February 14, 2008 at 5:06 pm
Christopher Ford (2/13/2008)
Earlier Jeff posted a question on using SUM(SAL) OVER()Since OVER() doesn't support ORDER BY when used with an aggregation.
How about this one?
SELECT J1.AccountID,
J1.Date,
J1.Amount AS AmountThisDate,
SUM(J2.Amount) AS RunningBalance,
CAST(AVG(1.*J2.Amount) AS DECIMAL(12, 2)) AS AvgRunningBalance
FROM dbo.JBMTest AS J1
JOIN dbo.JBMTest AS J2
ON J2.AccountID = J1.AccountID
AND (J2.Date >= '01/01/2000' --Anchor Date from example
AND J2.Date <= J1.Date)
GROUP BY J1.AccountID, J1.Date, J1.Amount
ORDER BY J1.AccountID, J1.Date;
Not quite as elegant as SUM(SAL) OVER()
But I'm willing to bet that the query plans generated for both would be similiar to this query.
Credit doesn't go to me for this method. Learned this, like many other things from other people. This method gets credited to Itzik, since I learned it from one of his many articles, but it's useful in so many circumstances.
And this one works on SQL 2000. =)
Like I said in the Triangular Join Article, not all Triangular Joins are bad if they're against small sets. This one only generates about 11 million internal rows which isn't bad for a million row table. And, in the presence of a good and proper index, it only takes 00:01:24 to execute... that makes it only about 12 times slower than the UPDATE method. Sounds like I'm being sarcastic, and I'm not... that's actually pretty good for something that uses triangular joins.
--Jeff Moden
Change is inevitable... Change for the better is not.

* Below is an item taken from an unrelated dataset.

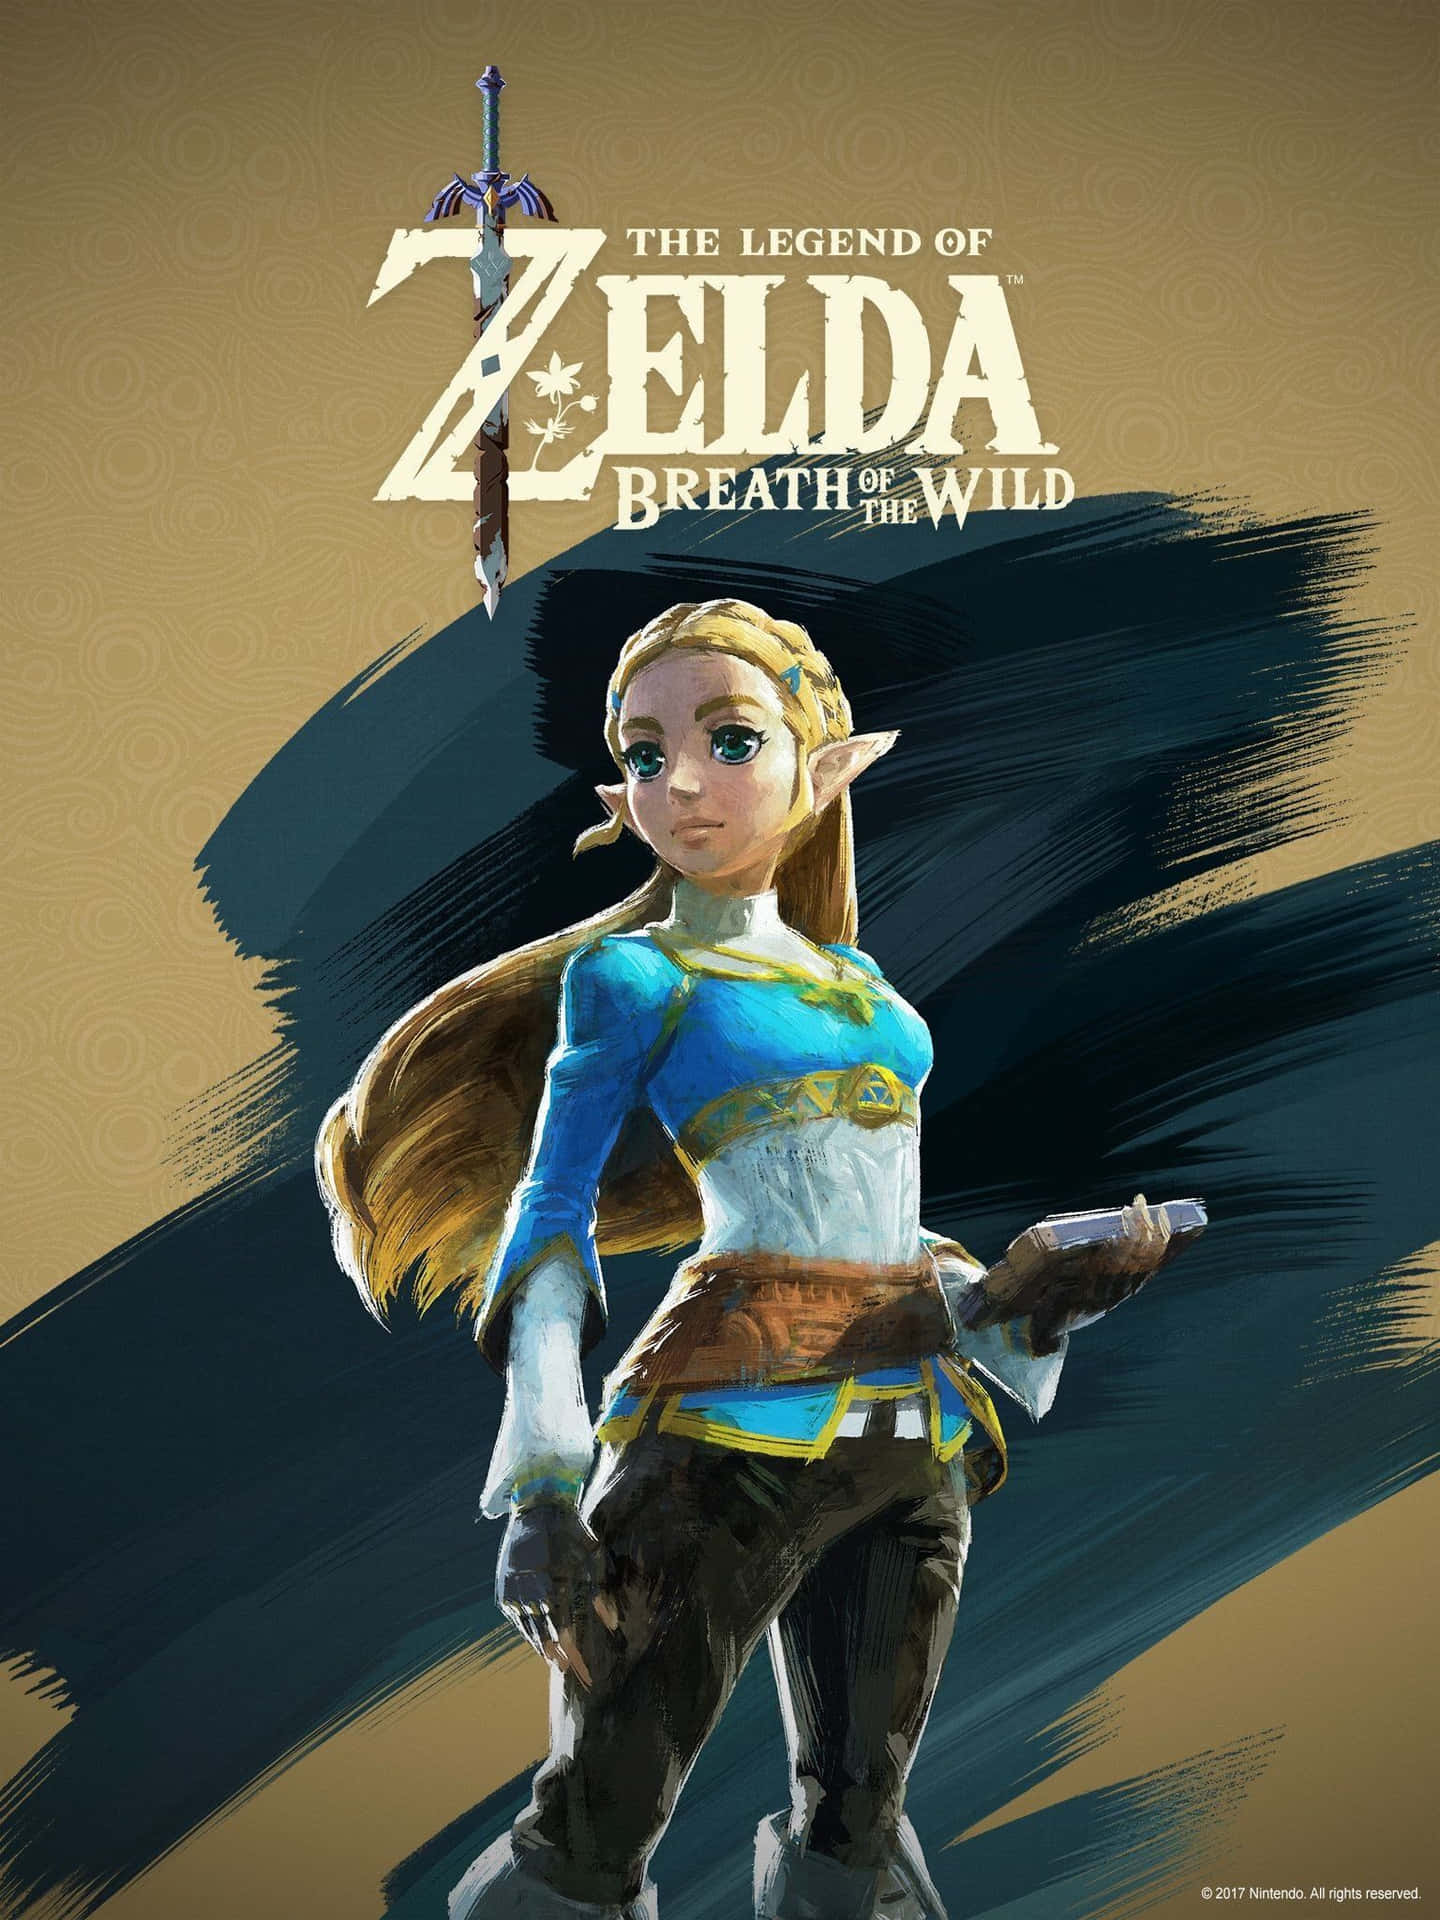 The Legend of Zelda Art Wallpapers - Zelda Wallpapers for iPhone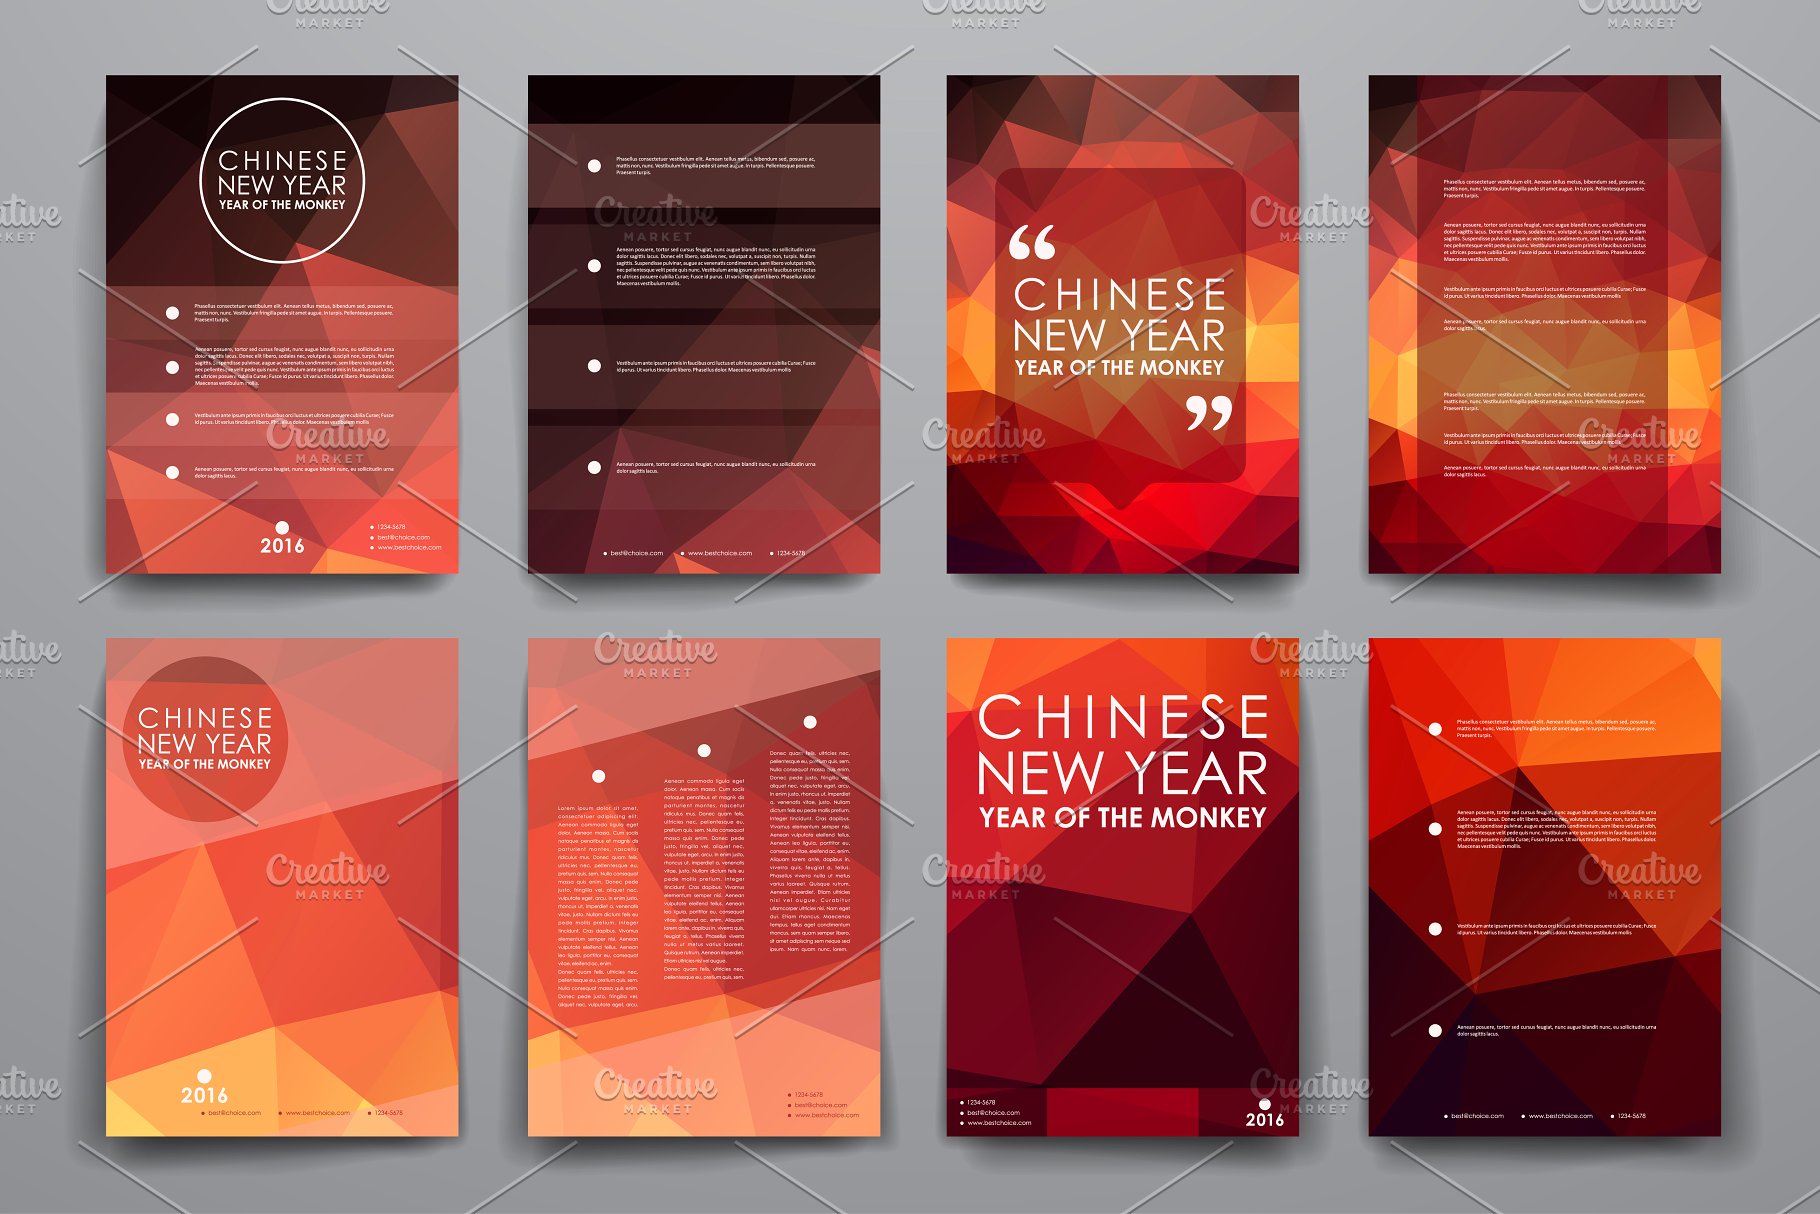 中国新年主题风小册子画册模板 Chinese New Year Brochures插图(1)

February 14, 2008 at 6:57 pm
Yep... tested the heck out of the CTE solution with ROW_NUMBER() for the running balance... without the clustered index on the appropriate columns, if falls apart in that the running balance starts over within the same AccountID... here's the code I used to find groups of AccountID's that have more than one "start" in a running balance. Pick any AccountID in the first query result and plug it into the second query to see what I'm talking about...
   FROM dbo.JBMTest 
  WHERE Amount = GrpBal
  GROUP BY AccountID
 HAVING COUNT(*) > 1 
  ORDER BY AccountID
SELECT * FROM JBMTEST WHERE AccountID = ???? ORDER BY ACCOUNTID,DATE
[/font]
The reason it fails is because it picks up the "other" index (PK) which turns out to be a Merry-Go-Round index. This also proves what Matt was saying... Row_Number() doesn't guarantee the correct order of processing... only the the Row_Number() will be in the correct order when compared to it's own ORDER BY clause.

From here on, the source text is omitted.